**TASK OBJECTIVE**
Restate all the data word for word and omit the pictures.

**RECORDED INFORMATION**

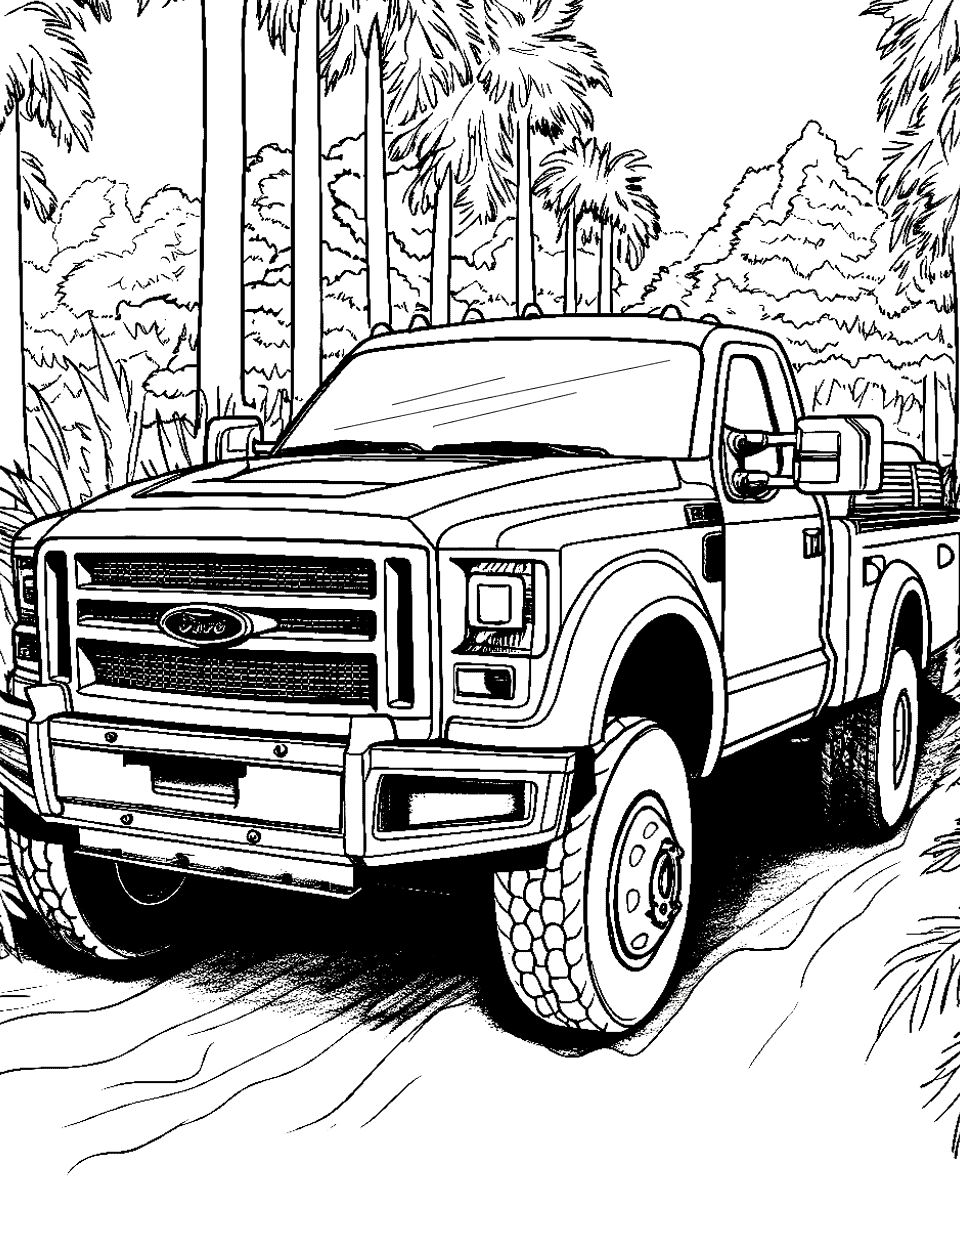 Raptor in the Jungle Coloring Page - A Ford Raptor driving through a path in a dense but simple jungle scene.
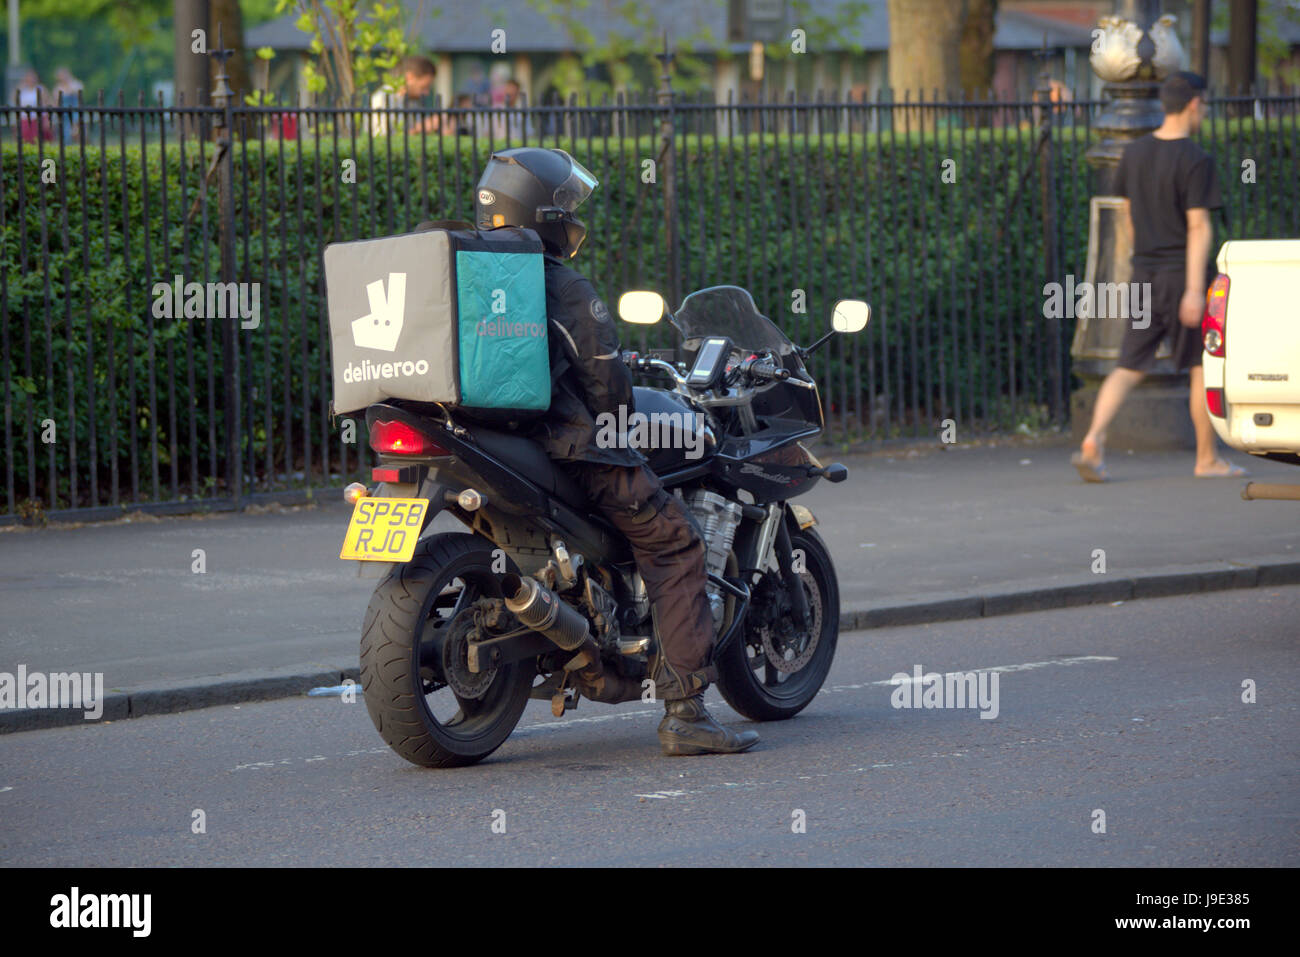 Deliveroo motorcycle delivery man Glasgow west end Stock Photo
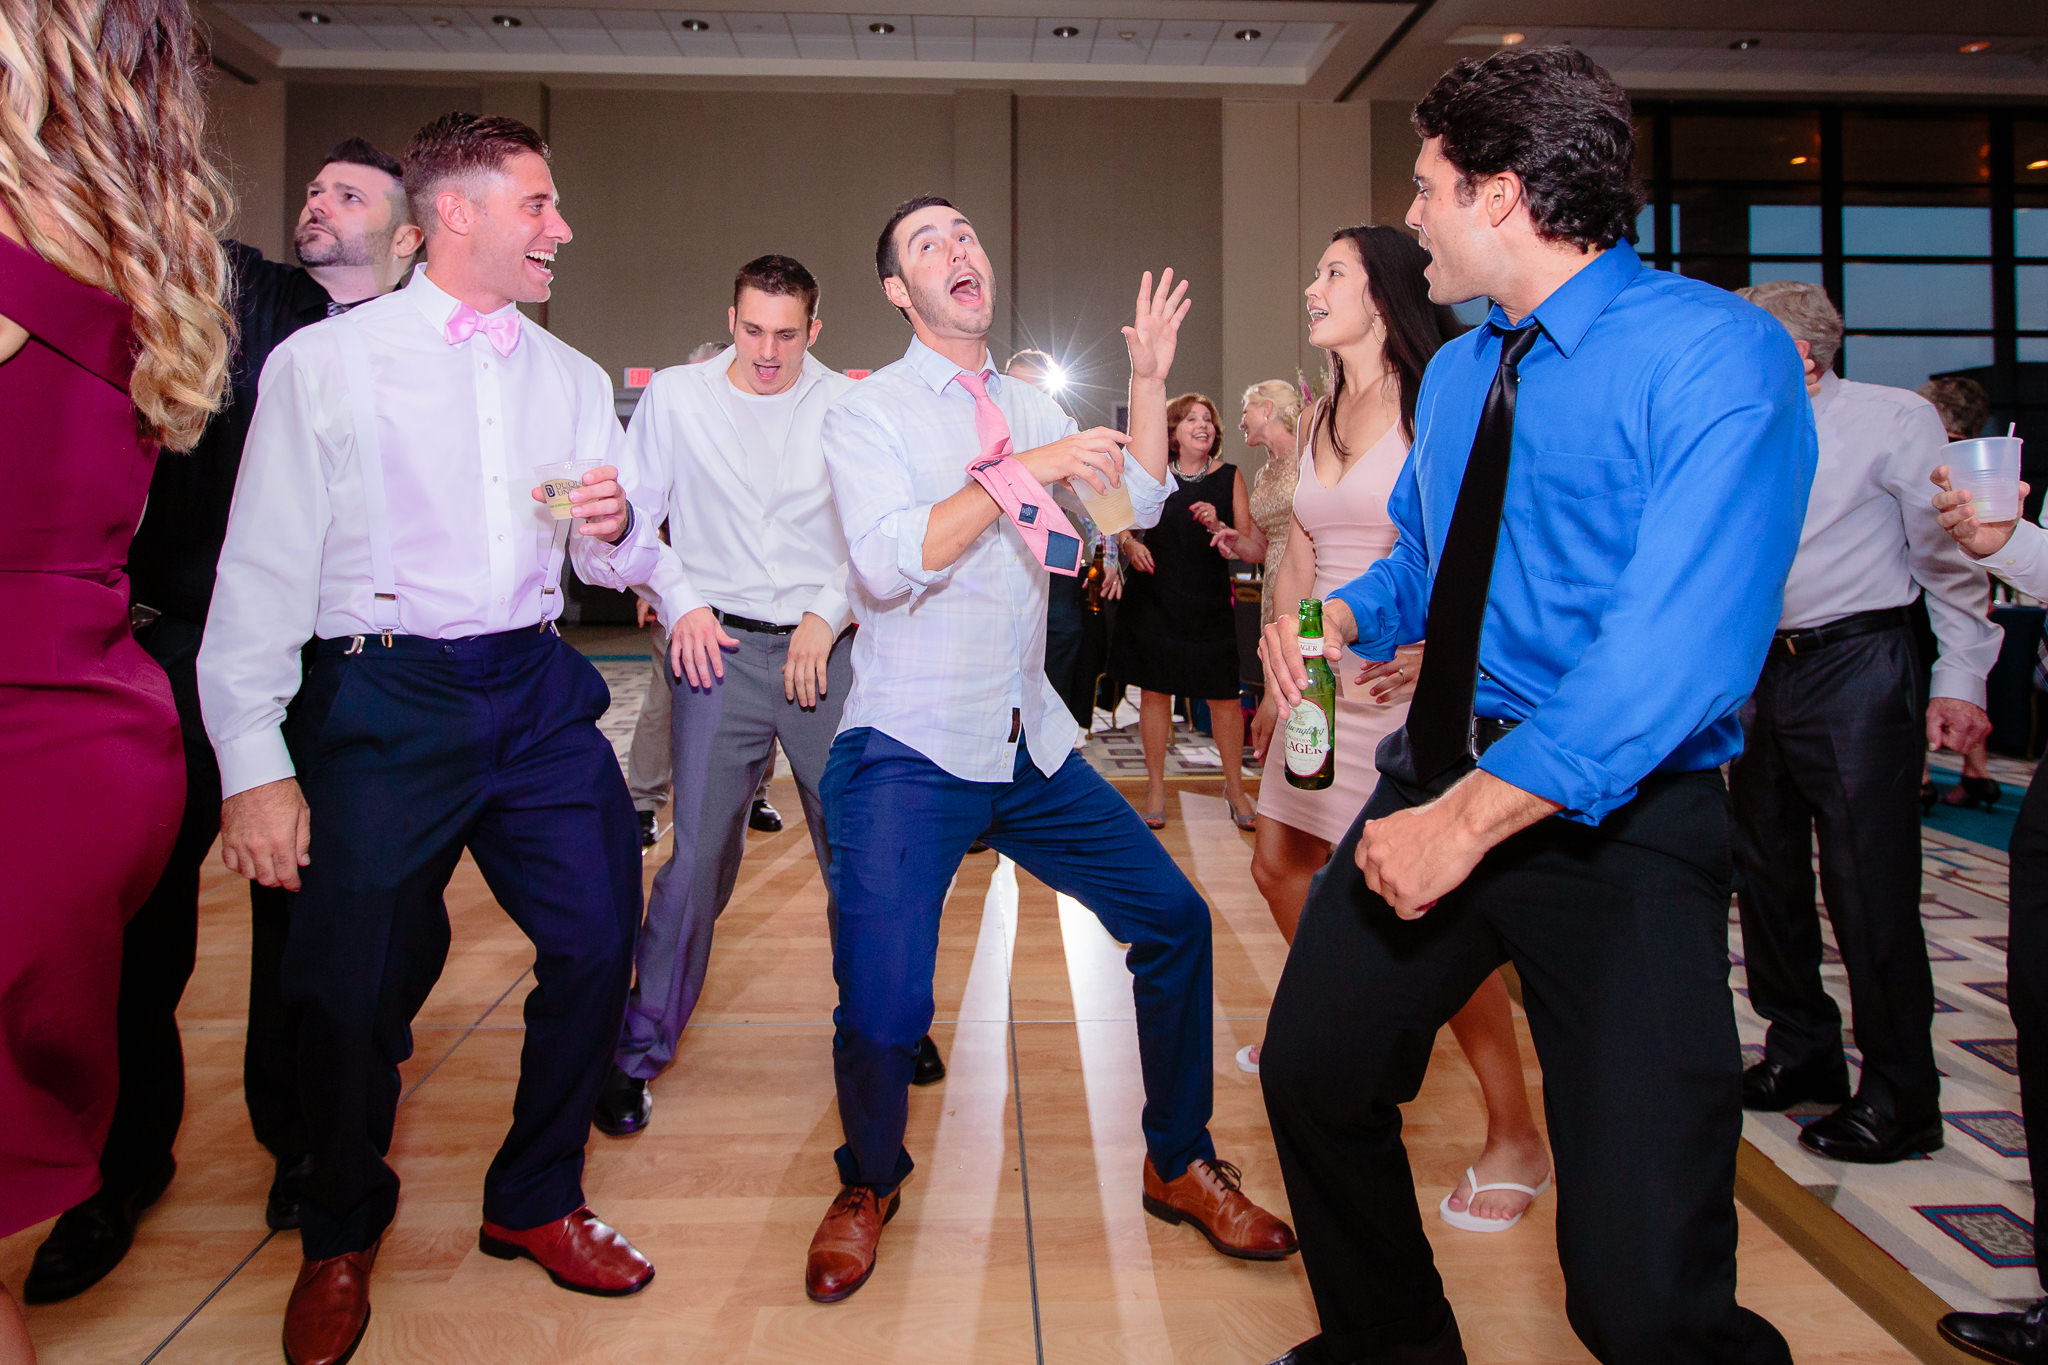 Guests dance at a Duquesne University wedding reception
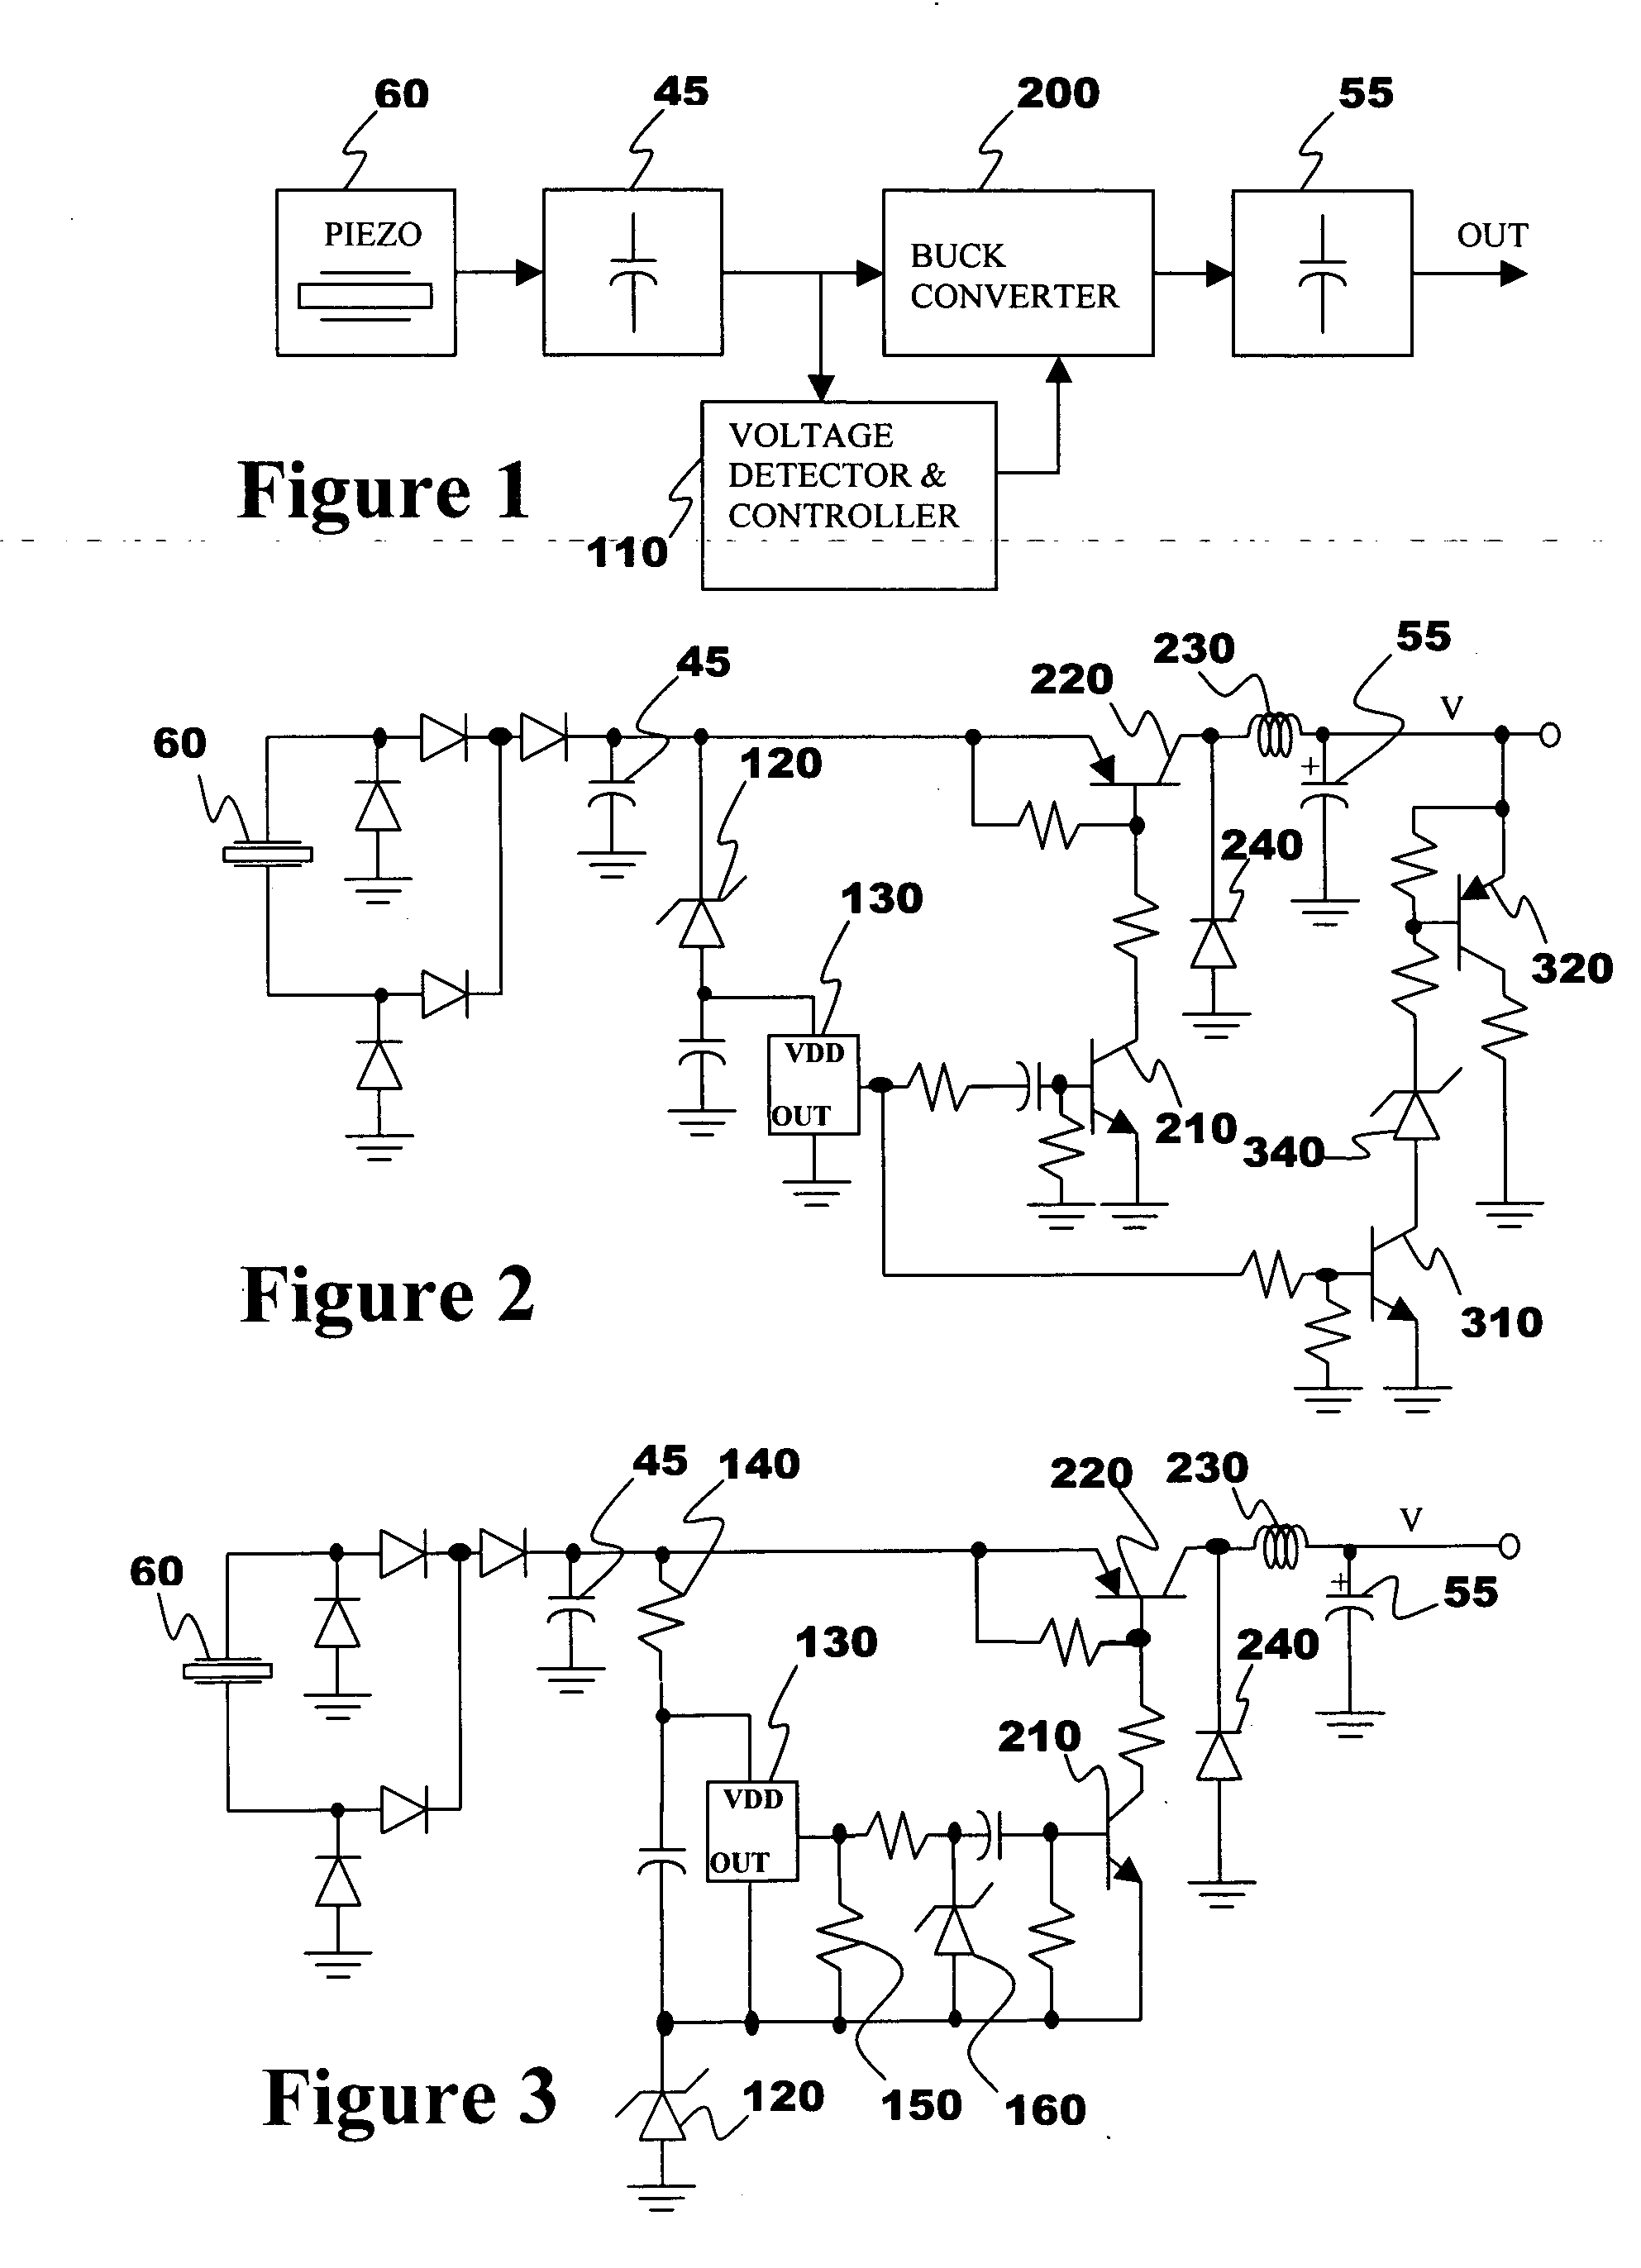 Power conversion from piezoelectric source

**FINISHED TASK**
 Raptor in the Jungle Coloring Page - A Ford Raptor driving through a path in a dense but simple jungle scene.
 Deliveroo motorcycle delivery man Glasgow west end Stock Photo
 Guests dance at a Duquesne University wedding reception
 Power conversion from piezoelectric source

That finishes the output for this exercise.